Tuesday, October 6, 2009

The Age of Empathy: Nature's Lessons for a Kinder Society

Since the name of this blog was inspired by one of Frans de Waals books, I feel a certain responsibility to note that he has a new one out... haven't read it yet, but Slate has what appears to be pretty good brief of de Waal's latest:
Philosophy and religion, as well as science, have long suggested that caring and kindness do not come from our biology but instead are ways in which we overcome our biology: Niceness is a refinement. Contrast the ease with which aggression, domination, and violence are attributed to our DNA. In the era of the "selfish gene," any animal altruism gets recast as self-interest in disguise. The columnist David Brooks has summarized the findings like this: "From the content of our genes, the nature of our neurons and the lessons of evolution, it has become clear that nature is filled with competition and conflicts of interest."

But lately scientists, from biologists to psychologists—with de Waal at the forefront—have begun suggesting that nature is filled with compassion, too. This isn't a mere pendulum swing to warmth and cuddliness. Research on social animals—like elephants, dolphins, baboons, chimpanzees (deWaal's specialty), and even hyenas—has complicated what has for too long been a reductive picture. These animals participate in dynamic societies made up of individuals, and their lives are replete with feelings, decisions, and intentions, rooted in biology yet elaborated in cooperative—and competitive—interaction. By comparing their worlds, with each other and with our own, de Waal explains, we can learn about the true anatomy of the social psyche.

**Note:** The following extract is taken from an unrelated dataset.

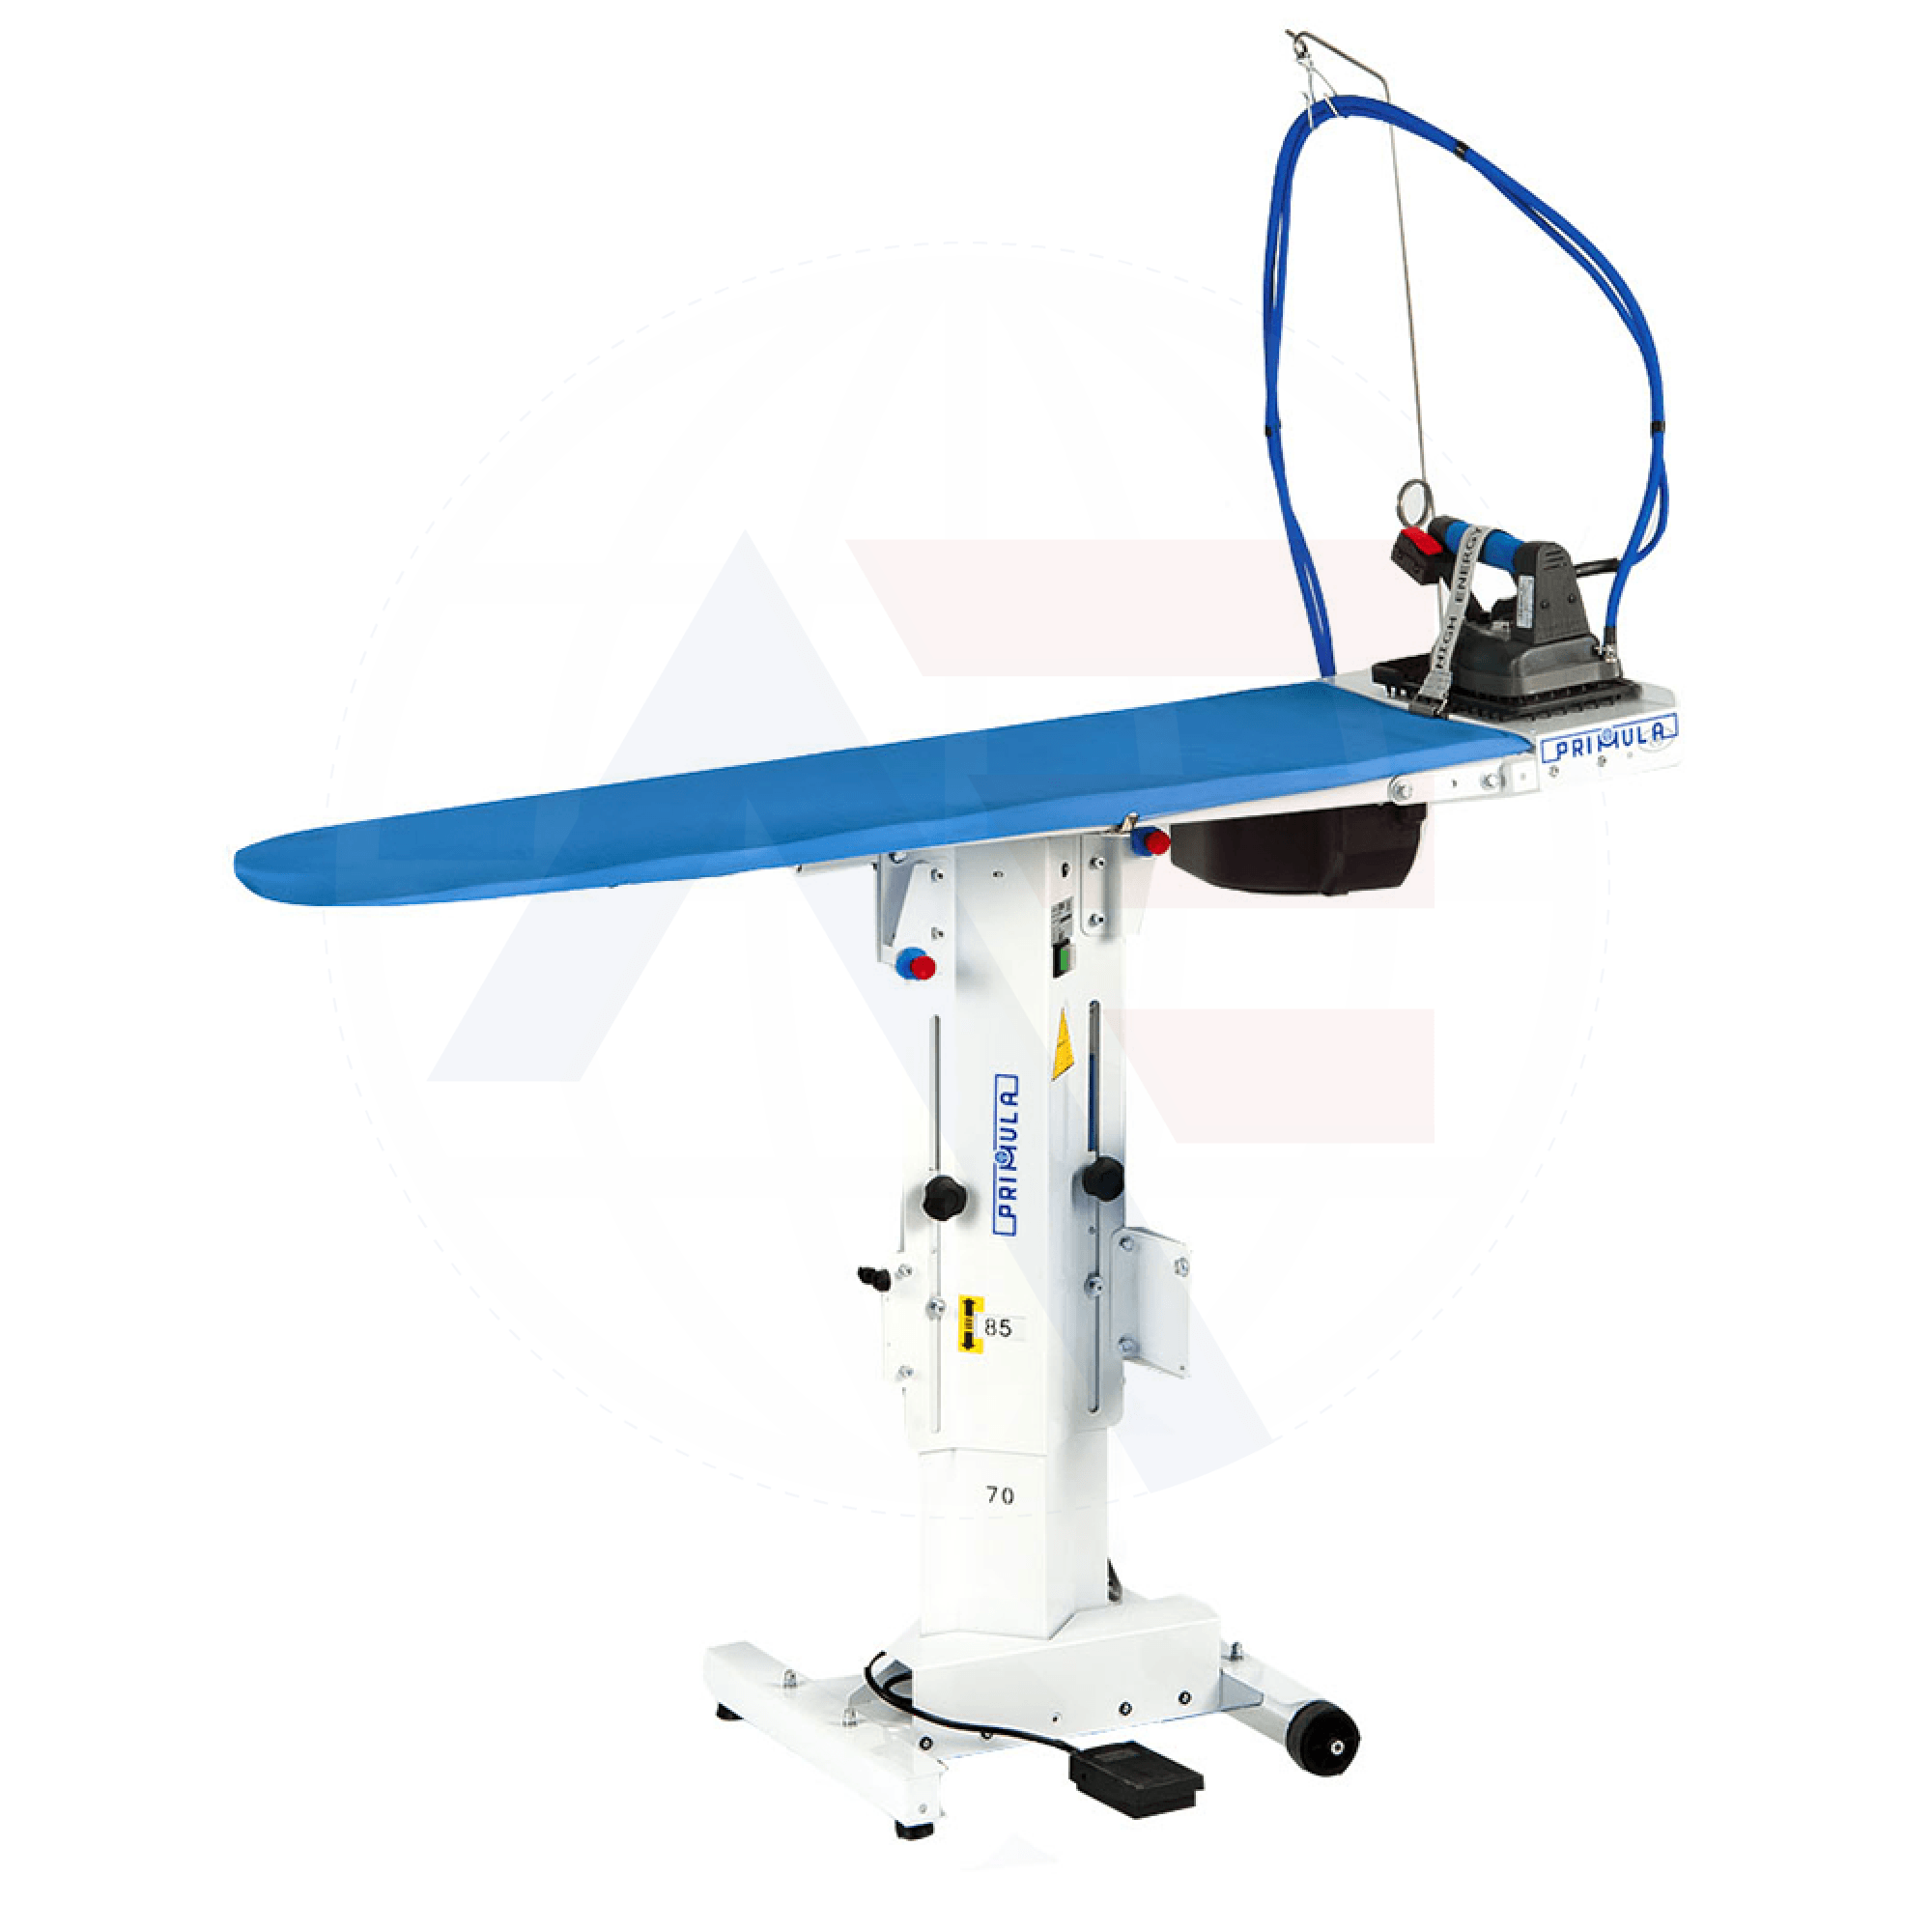 Primula Tv3811 Ironing Table With Heating Suction Blowing And Adjustable Height Pressing Equipment

The result should deliver a jolt: Nature isn't so red in tooth and claw, and civilization may not be so neatly edifying. In fact, if we have a destructive impulse to watch out for, it may be our readiness to embrace the "civilized" view that deep down we're horrible.

I would like to think that there aren't many people who need to be informed of the innumerable fallacies and failings of Social Darwinism and "greed is good" philosophies... but I suppose it can't hurt to point out that, beyond the immorality, the underlying analogy isn't even accurate.